It will expand the screen, there's more below. And this is where we now get to fine tune

our searches. So all of the stuff that I talked to you about in the first 45 minutes comes

into play here. Okay.

The first thing it asks you, "How many sequences do you want returned to you?" The default

is 100, okay? I've, for the purposes of the example, changed this to 250. I would rather

get too many results back than too few and make the decision myself about what is relevant

and what is not relevant. Okay? And we're going to see in this example that this is

critical. Okay, expect threshold. What E value cut-off do you want to apply? So I've already

given you a rule about the E value -- it's 10 to the minus 3rd or less when it comes

to protein sequence comparisons. The default is 10. For purposes of the example, we're

going to leave it at 10. Okay? But you can change that there if you want. Right below,

you can see the word size is 3, our P, Q, and G. Okay. Going a little further down,

here's now where you can pick the matrices. So remember, I'm advocating you using multiple

matrices; here's where you make that selection.
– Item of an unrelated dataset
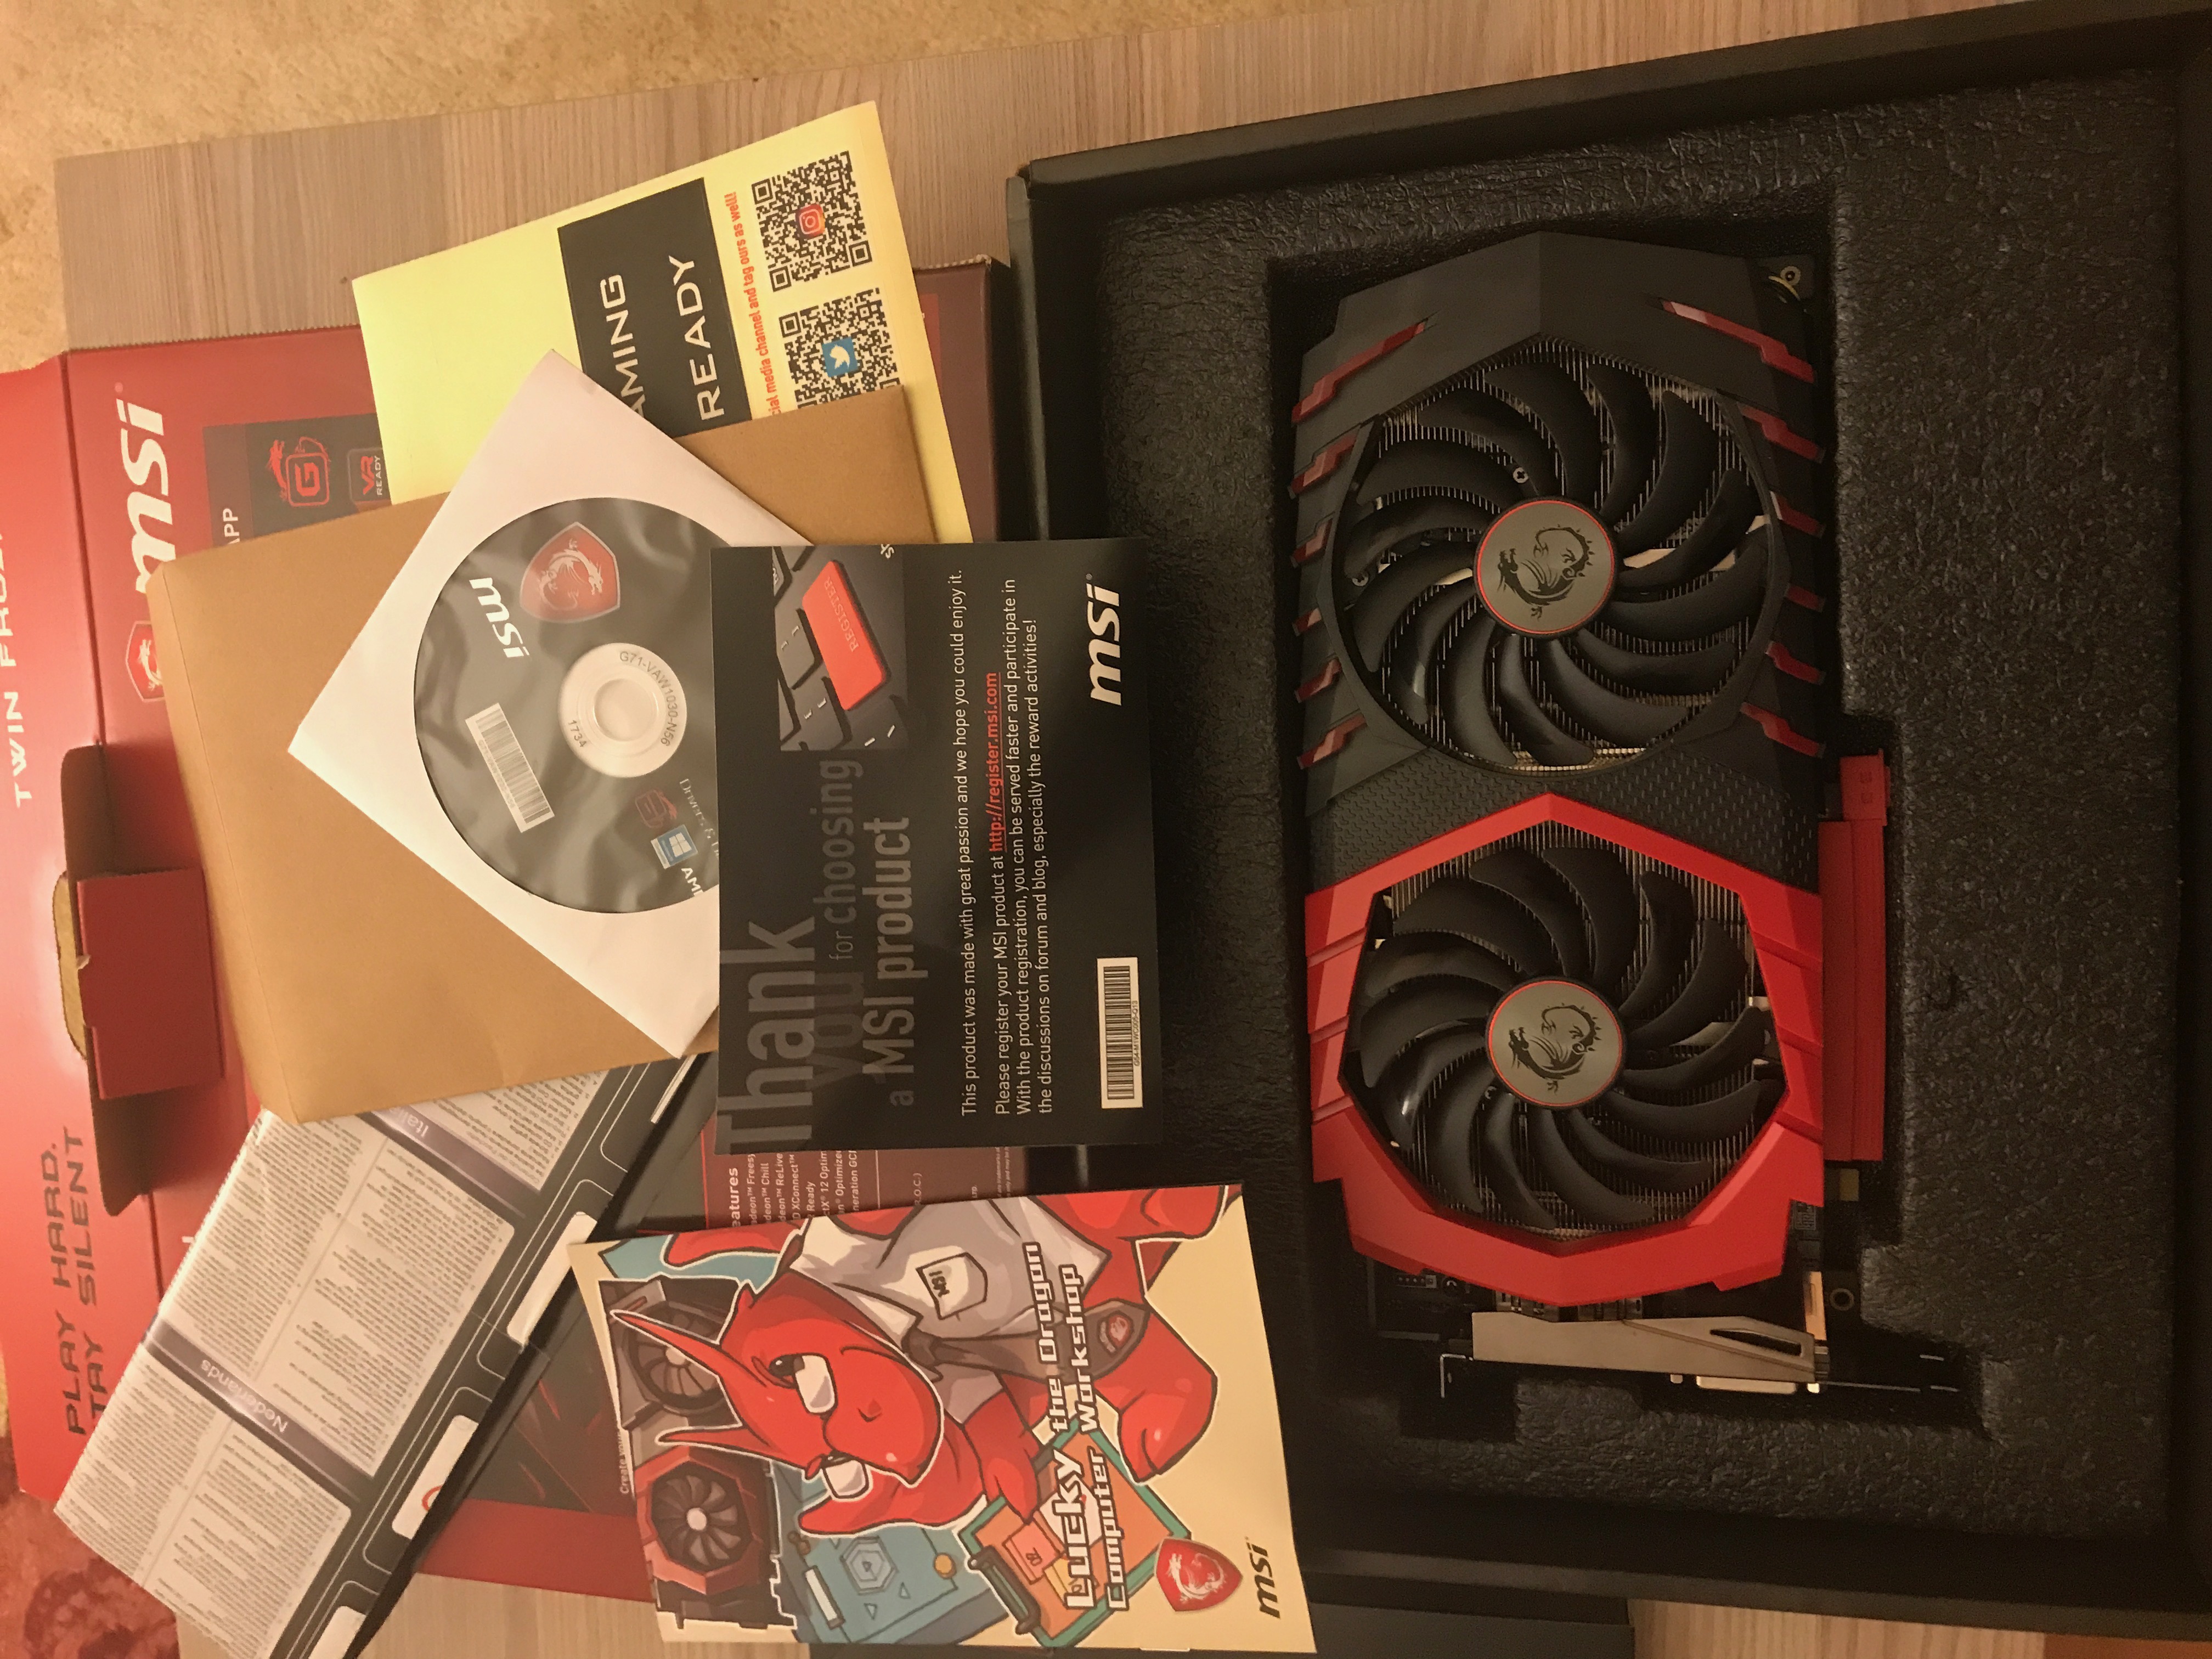 Rx580 Gaming x в руке.

Above that, before we get to the next one,

you can see gap costs-- remember I was telling you about the affine gap penalty -- if you

want to make the gaps more permissive or less permissive, you can change the default values

here. So by default, it's 11 for the -- opening the gap and 1 for the extension. If you want

to make it more permissive, you'd push those values down. If you want to make it less permissive,

you'd push the values up. Okay.

Filters and masking. So always, you should check this particular box off, to filter for

things called low-complexity regions. So what is a low-complexity region? So these are regions

of biased composition. What you'll sometimes see in sequences are just long, homopolymeric

runs, short-period repeats, or just subtle over-representation of the same residues.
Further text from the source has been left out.